08: The Max-Planck-Institut für Eisenforschung from the 1950s onwards and its integration into European research relations

08: The Max-Planck-Institut für Eisenforschung from the 1950s onwards and its integration into European research relations

After the end of the war the situation of metallurgical research had changed completely. Outside Germany, physical metallurgy had already achieved significant progress during World War II and was exerting increasing influence on practical application.

Although these international developments in research were in many cases based on German foundations, a research gap in physical metallurgy existed in Germany which now needed to be overcome. The Max-Planck-Institut für Eisenforschung (MPIE) was therefore almost forced to include this new field of research into its work schedule and to boost it vigorously.[1] The required stepping up in this area of research resulted in the installation of laboratories for calorimetry, corrosion and theoretical mechanics, their development progressed rapidly. Moreover, it became necessary to expand the installations for both mechanical-technological and metallurgical research, so that plans for expansion were already prepared in 1953. In the end, it was decided to build a hall construction together with laboratories modelled on the old halls. The building costs amounted to 2.7 million Deutsche Mark and were paid by the Verein Deutscher Eisenhüttenleute (VDEh) out of its research allocation. The individual laboratories were able to move into their new working areas by October, 1958.[2] Besides these spatial extensions, the number of employees at the institute also increased rapidly and significantly during the 1950s. In 1950 the headcount had gone up to more than 100 - for the first time since the end of the war - and by 1955 it had increased to 249, rising to 280 by 1958.[3] In the following year, Franz Wever, director, retired, and Willy Oelsen took over the management of the institute. Continuously increasing requirements prompted him to have another laboratory wing added between 1962 and 1964.[4]

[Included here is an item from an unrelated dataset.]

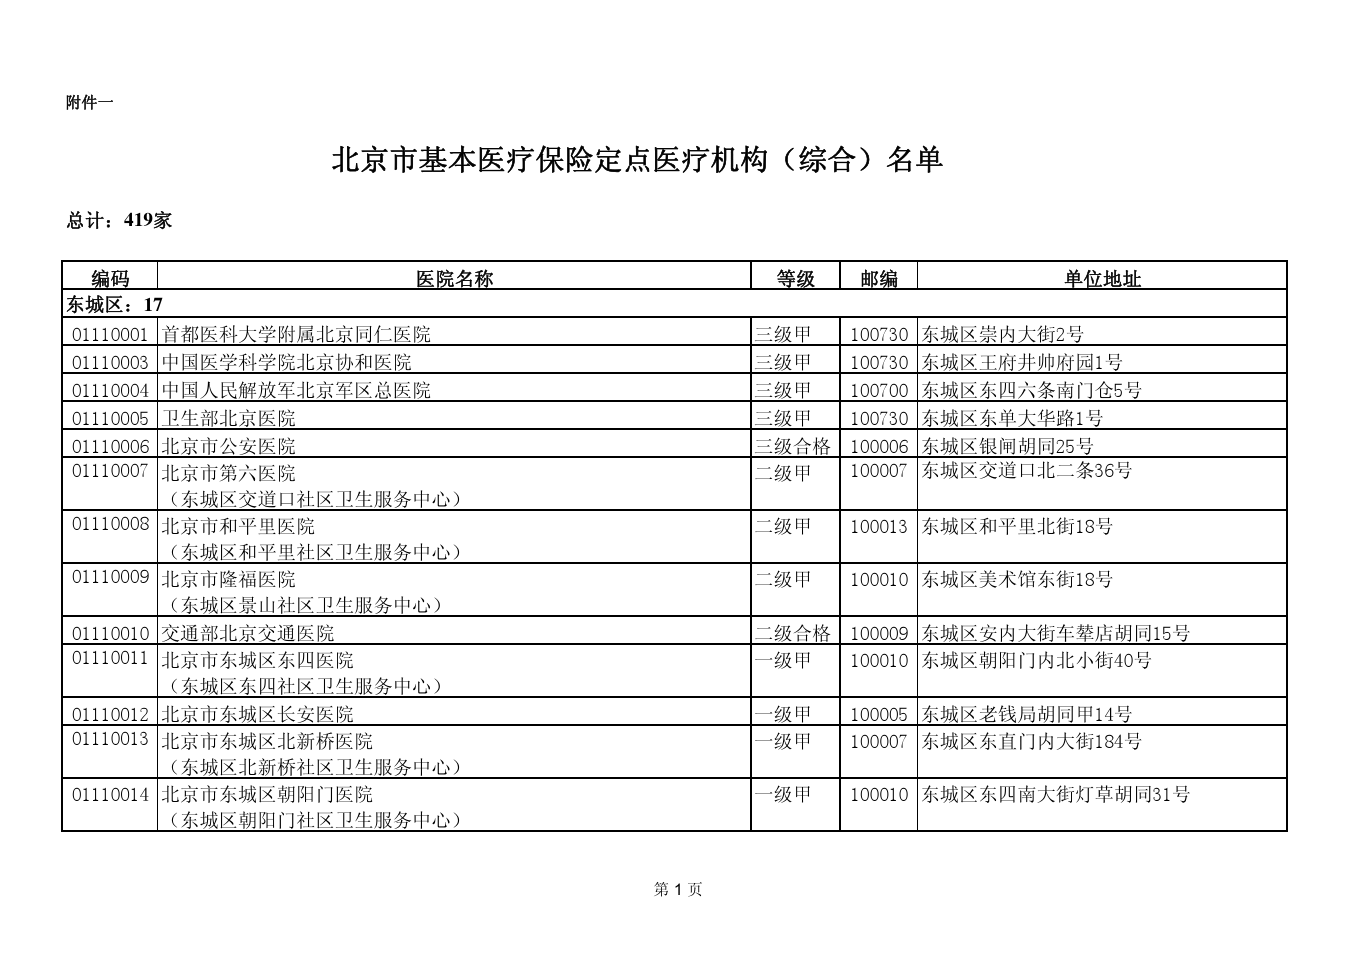 北京市基本医疗保险定点医疗机构(综合)名单

The expansion of the MPIE had become necessary because of the worldwide innovative advancement in steel and iron production, but it was also the result of closer international cooperation. This had already been initiated under Franz Wever and had ended the national, isolationist orientation which the institute had pursued until 1945. As part of the common steel-related research within the European Coal and Steel Community which had been founded in 1952, the MPIE received financial support and developed into an inherent part of a European network of experts.[5] This required regular meetings with members of the other European research institutions such as the Centre National de Recherches Métallurgiques in Liège, the Institut de Recherches de la Sidérurgie Francaise in St-Germain-en-Laye, the Metaal-Institut TNO in Delft and the Centro Sperimentale Metallurgico in Rome. These collaborative studies have given an extraordinary boost to the development of steel research.[6]


[1] Max-Planck-Institut für Eisenforschung: 10 Jahre Eisenforschung 1945-1954, Düsseldorf, 1955, p. 9 f.

[2] Max-Planck-Institut für Eisenforschung: Bericht über das Jahr 1958, Düsseldorf, 1959, p. 7 f.

[3] Ibid., p. 7 and Max-Planck-Institut für Eisenforschung: Bericht über das Jahr 1955, Düsseldorf, 1956, p. 7.

[4] Flachowsky, Sören: Das Max-Planck-Institut für Eisenforschung Düsseldorf; in: Gruss, Peter; Rürup, Reinhard (publ.): Denkorte. Max-Planck-Gesellschaft und Kaiser-Wilhelm-Gesellschaft: Brüche und Kontinuitäten 1911-2011, Dresden, 2010, p. 128-135, p. 132.

[5] Ibid., p. 132f. and Id.: Von der Wagenburg der Autarkie zu transnationaler Zusammenarbeit. Der Verein Deutscher Eisenhüttenleute und das KWI/MPI für Eisenforschung 1917-2009, in: Maier, Helmut; Zilt, Andreas; Rasch, Manfred (publ.): 150 Jahre Stahlinstitut VDEh 1860-2010, Essen, 2010, p. 671-708, p. 695 f.

[6] Max-Planck-Institut für Eisenforschung: Bericht über die Jahre 1965 bis 1970, Düsseldorf, 1971, p. 239.